** Data follows **

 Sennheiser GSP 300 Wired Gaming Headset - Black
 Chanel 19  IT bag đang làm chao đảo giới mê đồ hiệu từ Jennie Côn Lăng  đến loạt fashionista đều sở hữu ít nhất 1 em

** End of Data **
** Data follows **

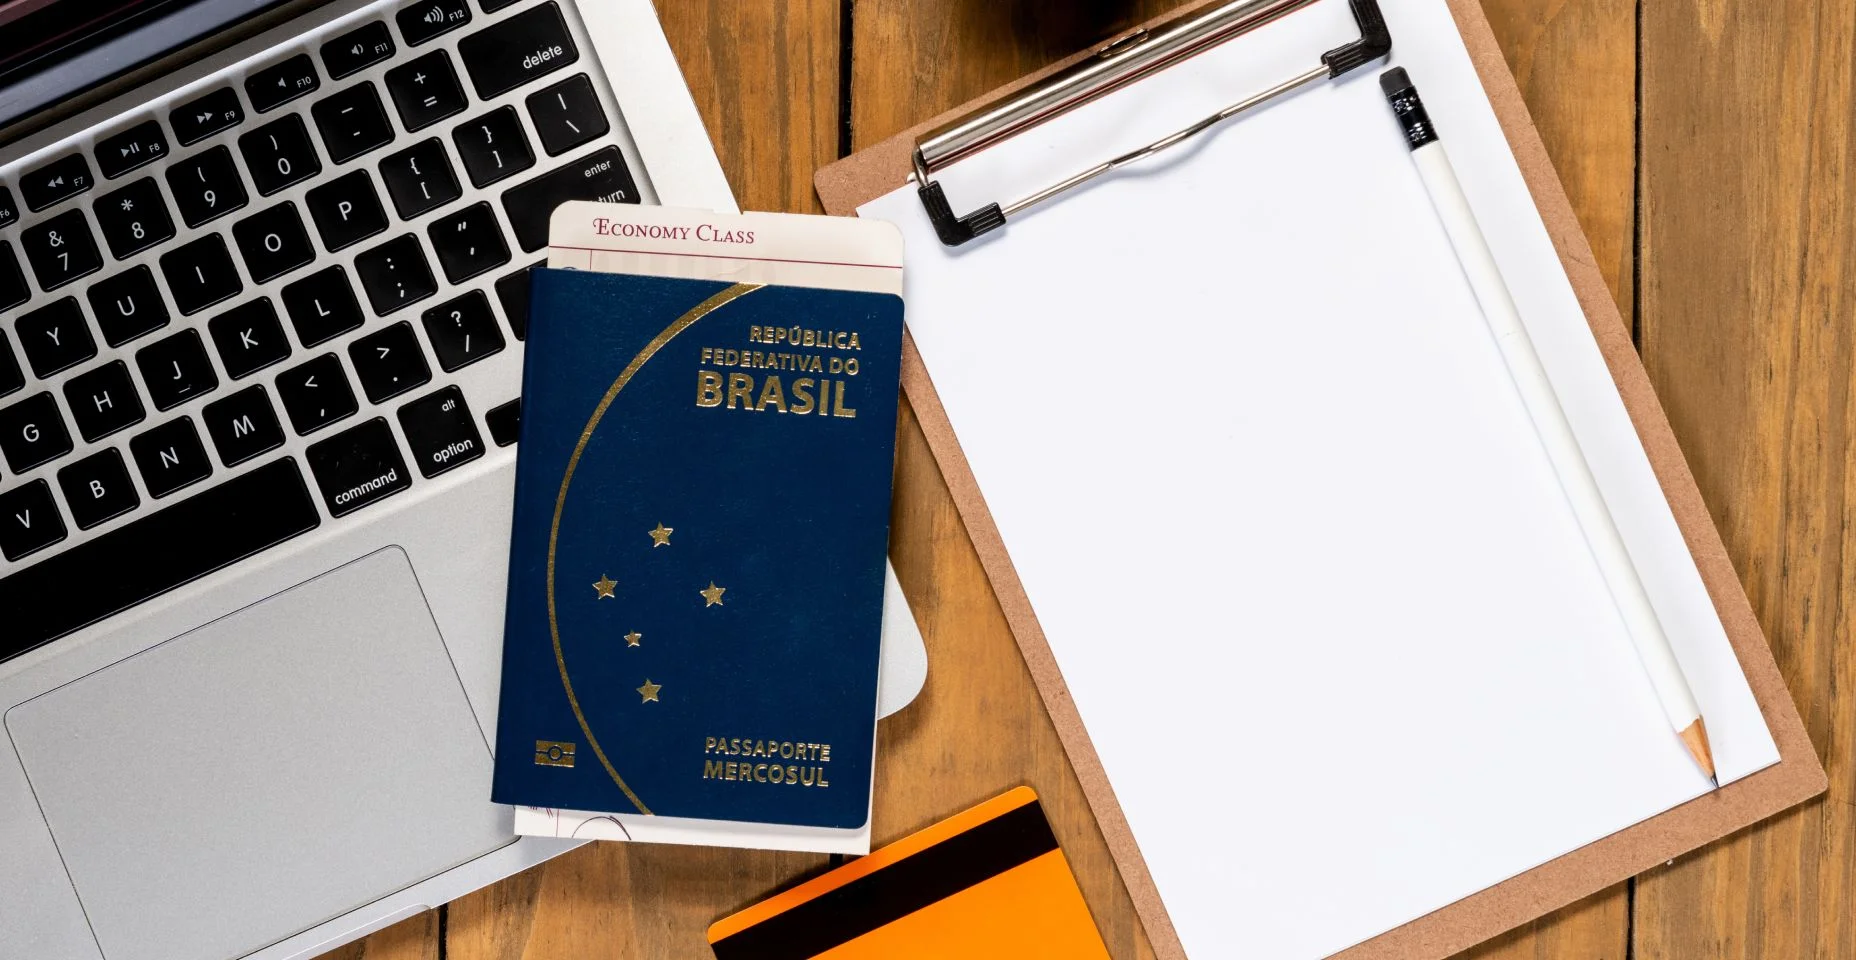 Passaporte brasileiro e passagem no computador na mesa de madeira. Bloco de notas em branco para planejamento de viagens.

** End of Data **

▶ _What you need to do_:
Find where the line with "Sennheiser GSP 300" sits in the material above, then copy exactly from it through the line with "ít nhất 1 em". Add no other line.

▶ _Output_:
 Sennheiser GSP 300 Wired Gaming Headset - Black
 Chanel 19  IT bag đang làm chao đảo giới mê đồ hiệu từ Jennie Côn Lăng  đến loạt fashionista đều sở hữu ít nhất 1 em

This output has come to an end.